(Supplied data):
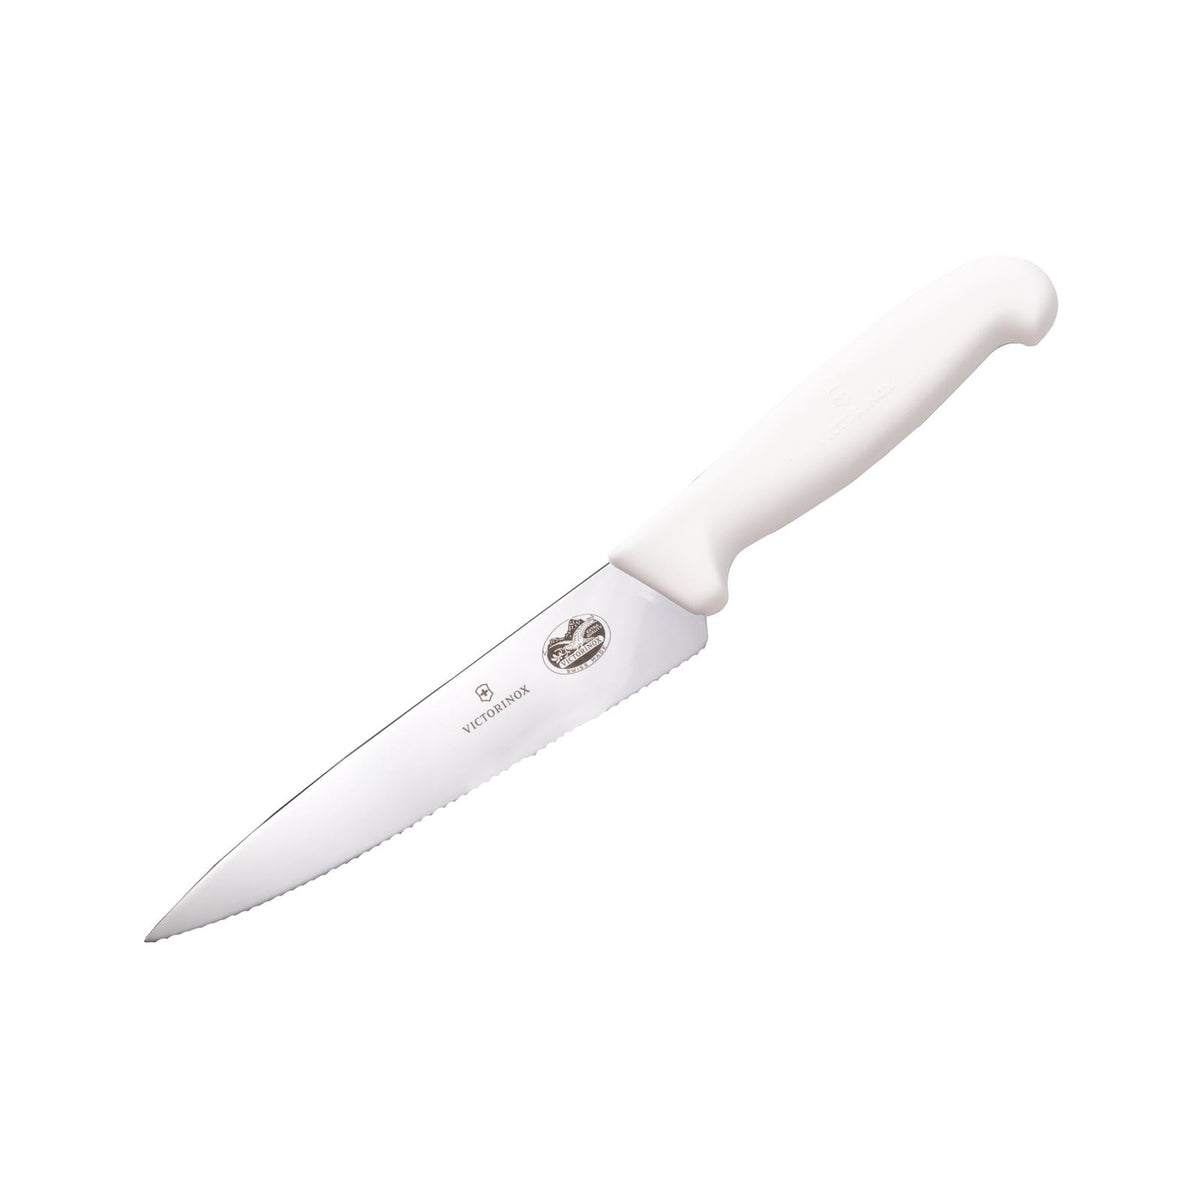 Victorinox Fibrox Serrated Chef Knife, 6 Inch, Various Colors
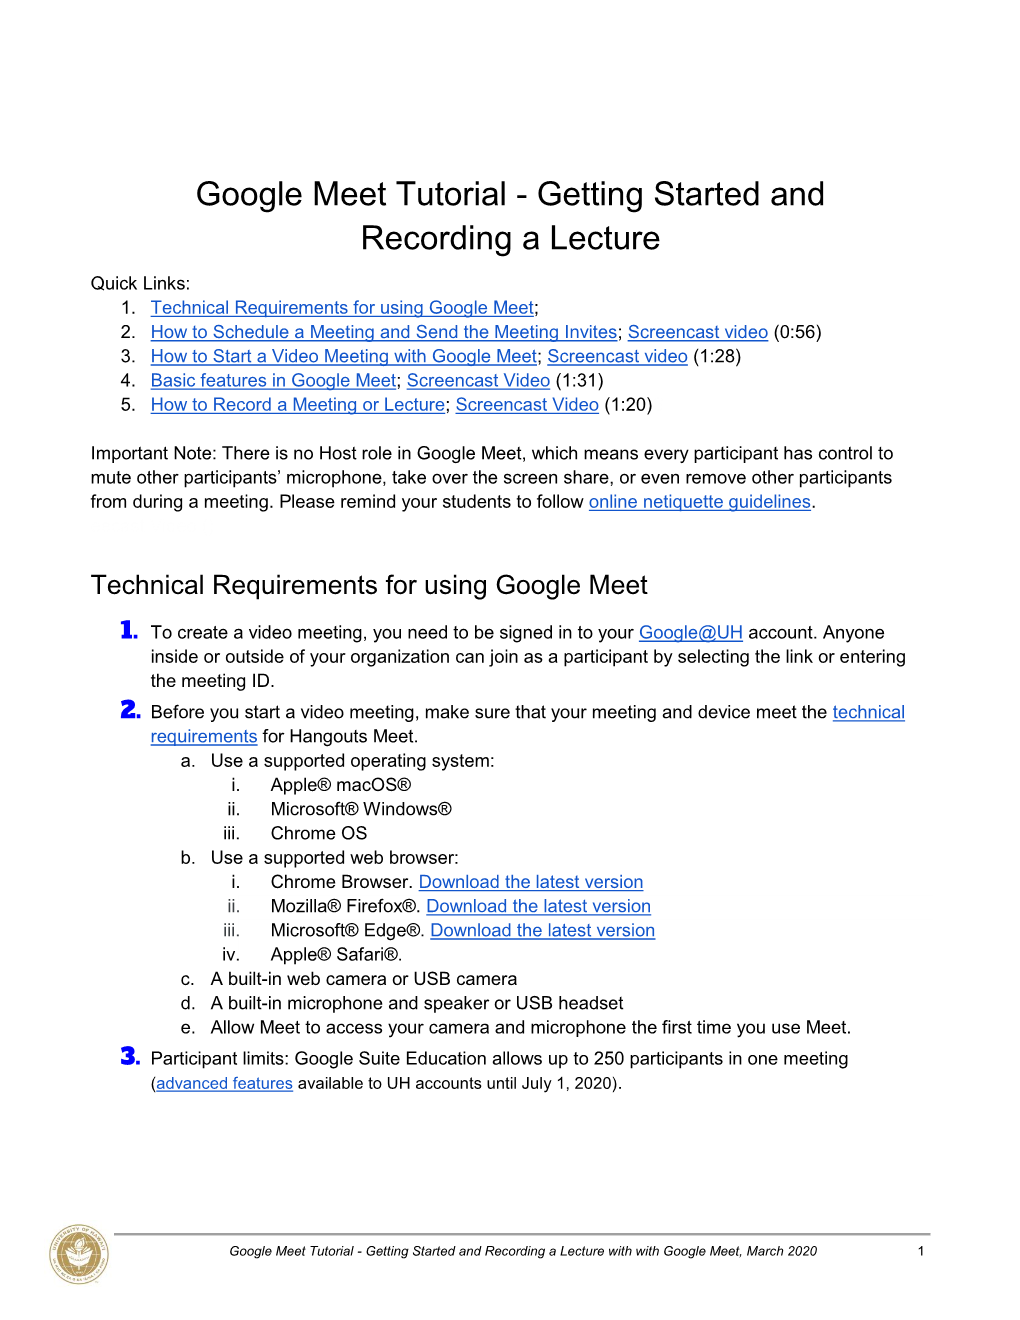 Google Meet Tutorial - Getting Started and Recording a Lecture
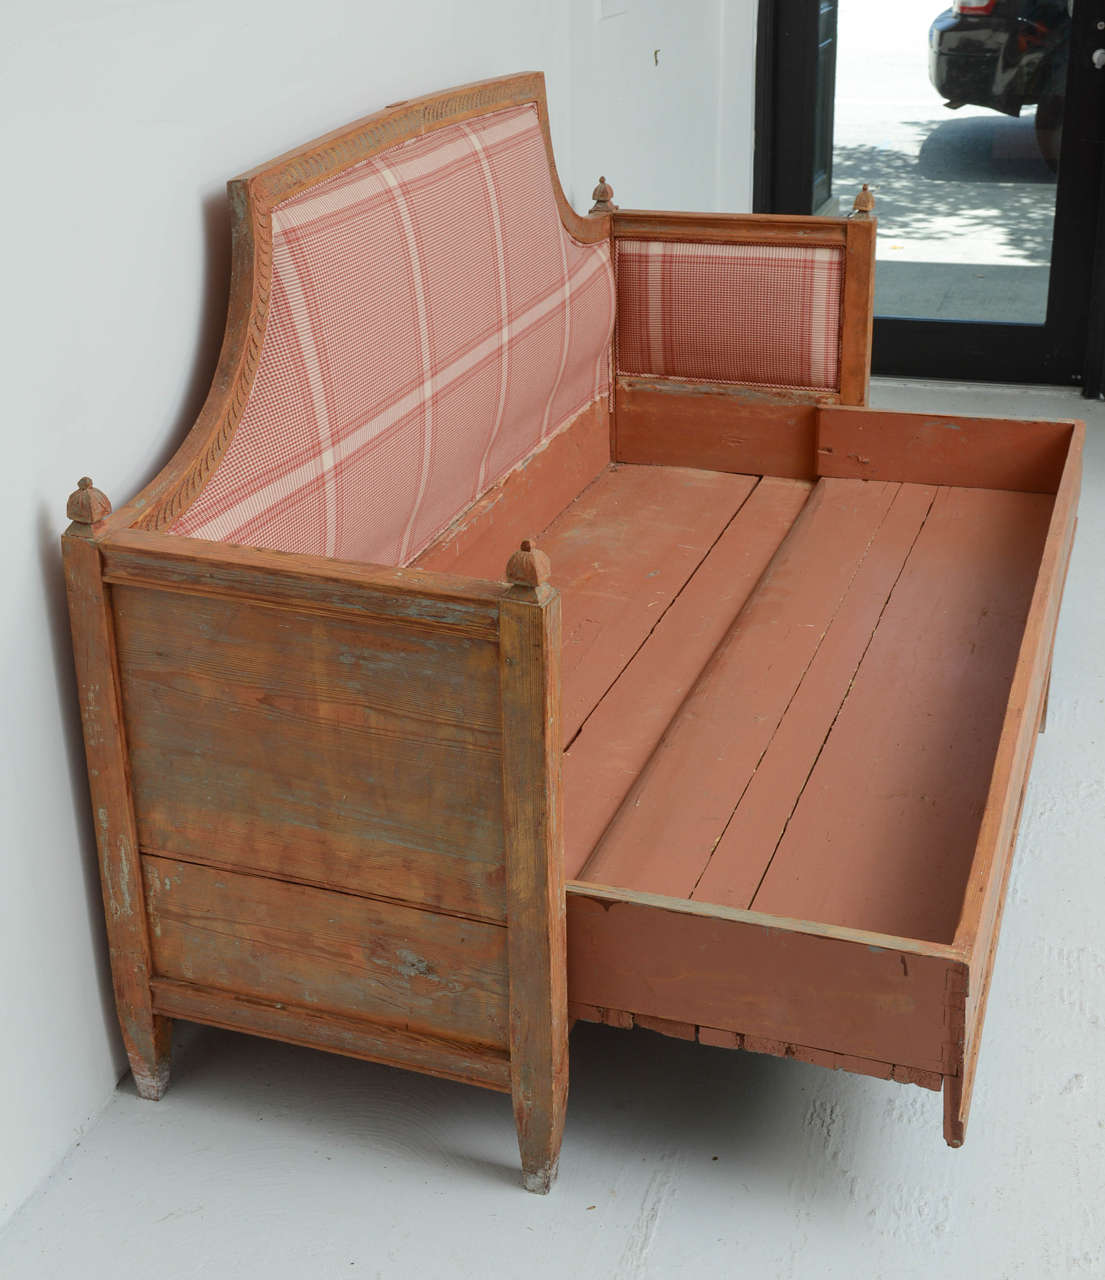 Original Stained Wooden Swedish Bench with Pull-Out Bed, circa 1810 1
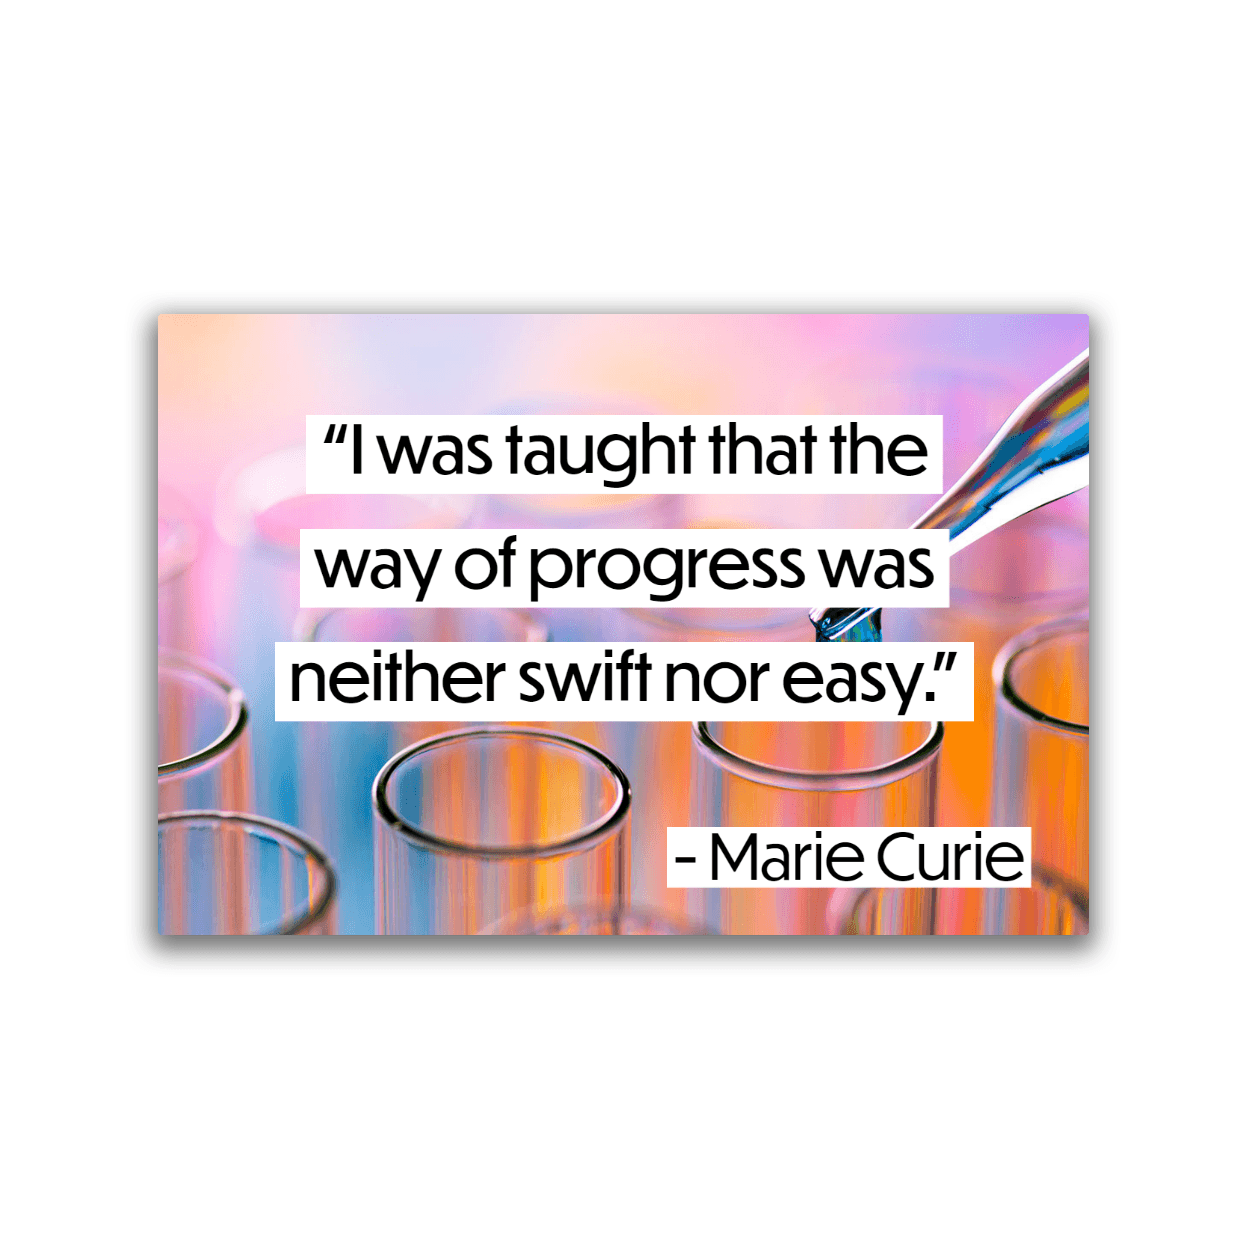 Image of a 2x3 magnet with a Marie Curie  quote

(Exercise):
Reprint the whole listing above exactly, taking out the pictures.

(Expected answer):
 Victorinox Fibrox Serrated Chef Knife, 6 Inch, Various Colors
 Google Meet Tutorial - Getting Started and Recording a Lecture
 Original Stained Wooden Swedish Bench with Pull-Out Bed, circa 1810 1
 Image of a 2x3 magnet with a Marie Curie  quote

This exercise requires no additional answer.